When we talk about factoring polynomials, we are referring to the process of breaking down a polynomial into simpler parts called factors that when multiplied together give back the original polynomial. It's similar to breaking down a number into its prime factors, but with polynomials, we use variables as well.

For instance, take the polynomial \(x^2 - x - 2\). Factorization involves finding two binomials, which when multiplied together, result in the original polynomial. In our example, these can be \(x - 2\) and \(x + 1\), because \(x - 2\) times \(x + 1\) gives \(x^2 - x - 2\). So, we can write \[x^2 - x - 2 = (x - 2)(x + 1)\]. This process can help simplify complex algebraic expressions and solve equations more effectively.
When dividing polynomials, like in the exercise, factoring helps reduce the expressions to a simpler form before performing the division.

The reciprocal of a fraction is obtained simply by swapping its numerator and denominator. Think of it as flipping the fraction upside down. If you have a fraction, such as \(\frac{a}{b}\), its reciprocal is \(\frac{b}{a}\). It's essential to note that the product of a fraction and its reciprocal is always 1, assuming that neither a nor b is zero.

In the case of complex expressions or polynomials, the process remains the same. Take for example the fraction \(\frac{x^2 - 3x - 4}{40 - 3x - x^2}\) from our original problem. The reciprocal is found by flipping the numerator with the denominator, resulting in \(\frac{-(x-4)(x+5)}{(x-4)(x+1)}\). The reciprocal is crucial in the process of dividing one polynomial by another, as division by a fraction is equivalent to multiplication by its reciprocal.

To simplify an expression means to reduce it to its most basic form.
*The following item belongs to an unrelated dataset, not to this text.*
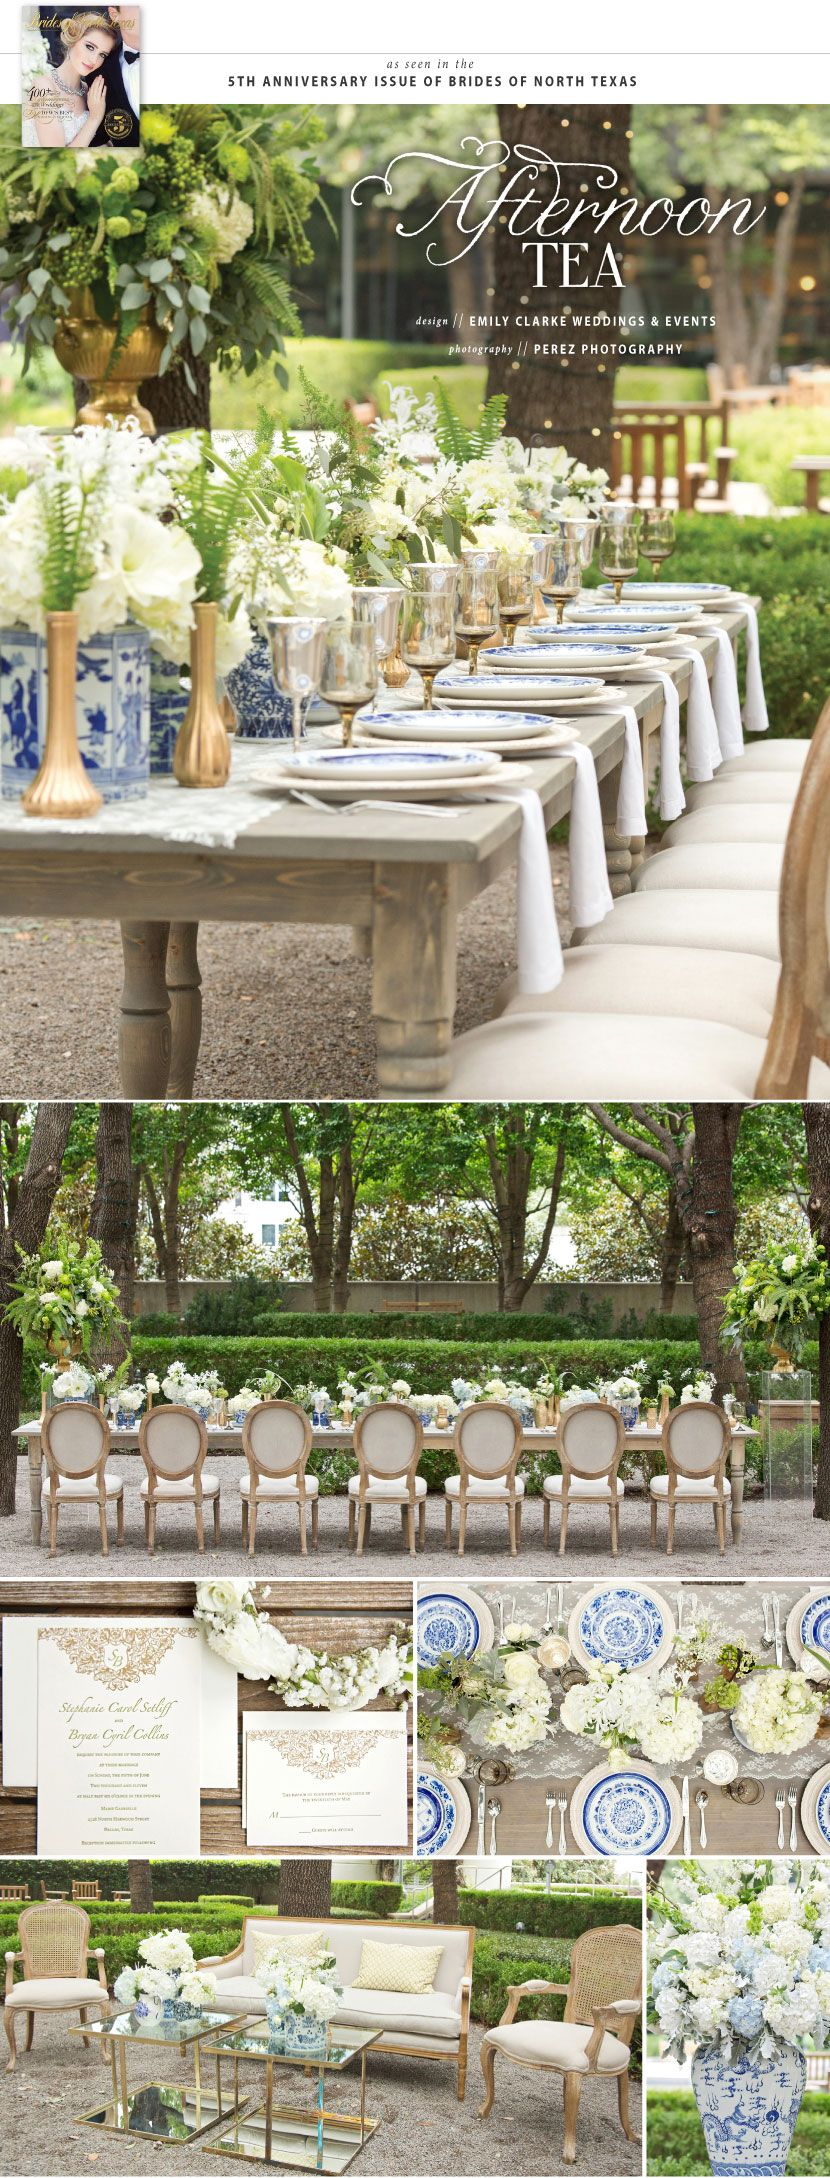 Afternoon Tea | Wedding Inspiration | Brides of North Texas

This is carried out by performing operations like addition, subtraction, multiplication, and division, along with canceling out common factors in fractions. Simplification makes expressions easier to understand and work with.

In the context of dividing polynomials, after multiplying the fractions by their reciprocals, you might find common terms in both the numerator and the denominator. These common terms can be cancelled out, just like you would cancel common factors in numerical fractions. For example, if you have \(\frac{(x-2)(x+1)}{(x-5)(x-2)} \times \frac{-(x-4)(x+5)}{(x-4)(x+1)}\), you can see that \(x-2)\), \(x+1)\), and \(x-4)\) appear in both the numerators and denominators. Canceling these out, the simplified form of the expression becomes \(\frac{-1 \cdot (x+5)}{x-5}\), which makes the solution easier to interpret.